With the rapid improvements in AI, many companies are moving quickly to integrate it into new or existing technology stacks. While leveraging AI can allow you and your organization to streamline processes and improve your customers' lives, it also adds an extra facet to your cyber-attack surface. As with all other facets of your attack surface, threat actors are already figuring out ways to exploit, manipulate, and otherwise target it. So that begs the question: how are hackers targeting AI, and what can your company do to both protect your own AI-driven products and better vet the AI-driven products of your third-party vendors? Thankfully, the great people at MITRE are already on the case and have published the Mitre ATLAS to assist with this endeavor 

What is Mitre ATLAS?

MITRE ATLAS (Adversarial Threat Landscape for Artificial Intelligence Systems) is effectively the MITRE ATT&CK matrix for Artificial Intelligence Systems. Per their website, it is defined as “a globally accessible, living knowledge base of adversary tactics and techniques against Al-enabled systems based on real-world attack observations and realistic demonstrations from Al-red teams and security groups.” As with the MITRE ATT&CK Matrix, MITRE ATLAS breaks down how a threat actor can target an AI system into a series of tactics and techniques. You will find that many tactics carry over from the MITRE ATT&CK Matrix. However, there are some AI-specific ones, such as “ML Model Access” and “ML Attack Staging.” The techniques on the other hand are largely unique to AI systems and include such topics as “LLM Prompt Injection”, “Craft Adversarial Data”, and “Discover ML Data”. In a later blog post, we will discuss in more technical detail how to execute these techniques.  The use cases for ATLAS are manifold, but for the purpose of this blog, we’ll focus on two: Internal threat modeling/hunting and third-party vendor review. 

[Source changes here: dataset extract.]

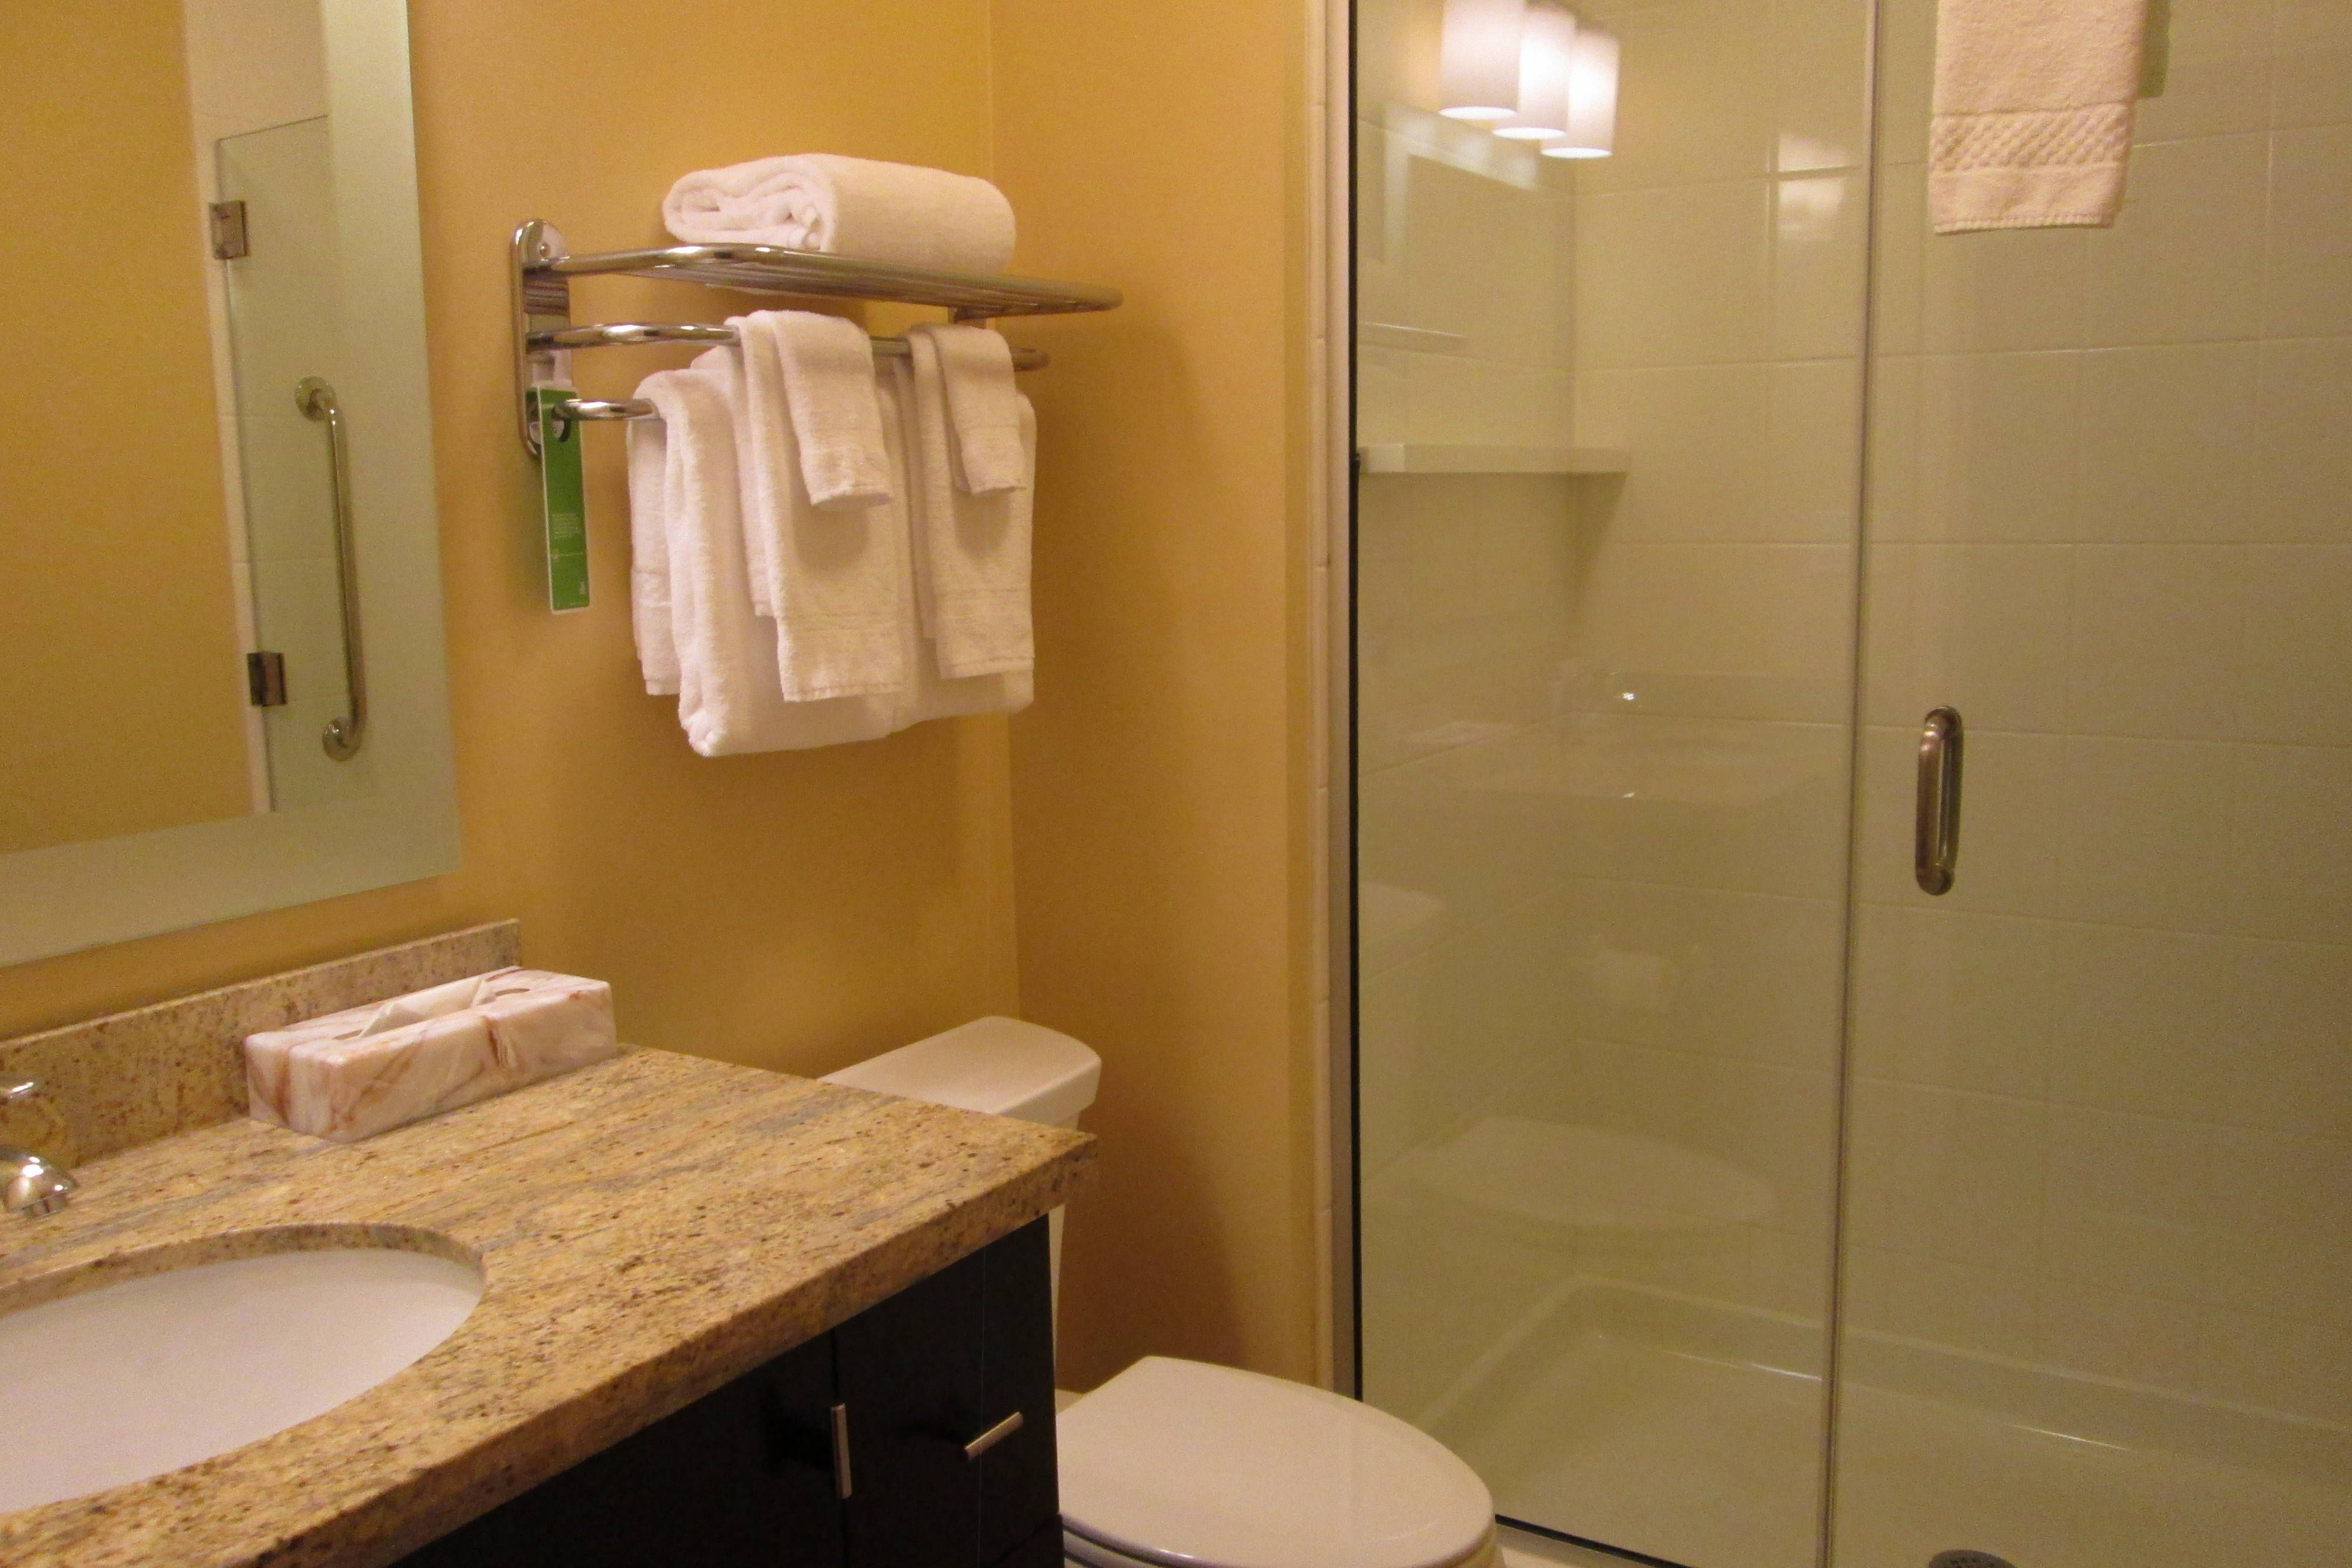 Towneplace Suites Williamsport Suite Bathroom Suite Guestroom Holiday Shower Shelves Suites Williamsport

Internal Threat Modeling and Hunting 

This use case applies to those organizations that are building their own AI-enabled products. Leveraging MITRE ATLAS, you can run through threat modeling exercises to ensure your product is hardened against common attack scenarios. In fact, Mitre ATLAS already provides fully fleshed out scenarios from Red Team exercises and real-world hacks to get you started on your threat modeling journey. In addition to helping harden your AI enabled products; MITRE ATLAS can also be leveraged to inform threat hunting and detection engineering just as the MITRE ATT&CK matrix does for more traditional networks. By understanding how threat actors are targeting AI-enabled tools, you can begin developing hunt hypotheses to proactively detect threats before they can wreak havoc on your product 

Third-Party Vendor Review 

This use case applies to those organizations that are purchasing AI-enabled third-party tools. Most companies have some sort of vendor due diligence process wherein they ask a series of security questions or to see relevant security documentation. This review aims to ensure that the vendor is equipped to adequately protect the data the company is entrusting to them. However, AI is such a new topic that security documentation or existing security questionnaires will not be enough to address the risk to AI systems. This is where MITRE ATLAS can come into play. You can update your security questionnaires to ask how the company is working to harden its AI model against the outlined tactics and techniques. Additionally, you can ask what proactive measures the company is taking to detect and respond to such threats.  

Conclusion 

AI can open up many fun and exciting possibilities for your organization. However, whether you are building or buying, it does add an extra facet to your cyber-attack surface. Growing familiar with MITRE ATLAS will help your organization understand the threats AI products face and the steps necessary to keep your organization and its data safe.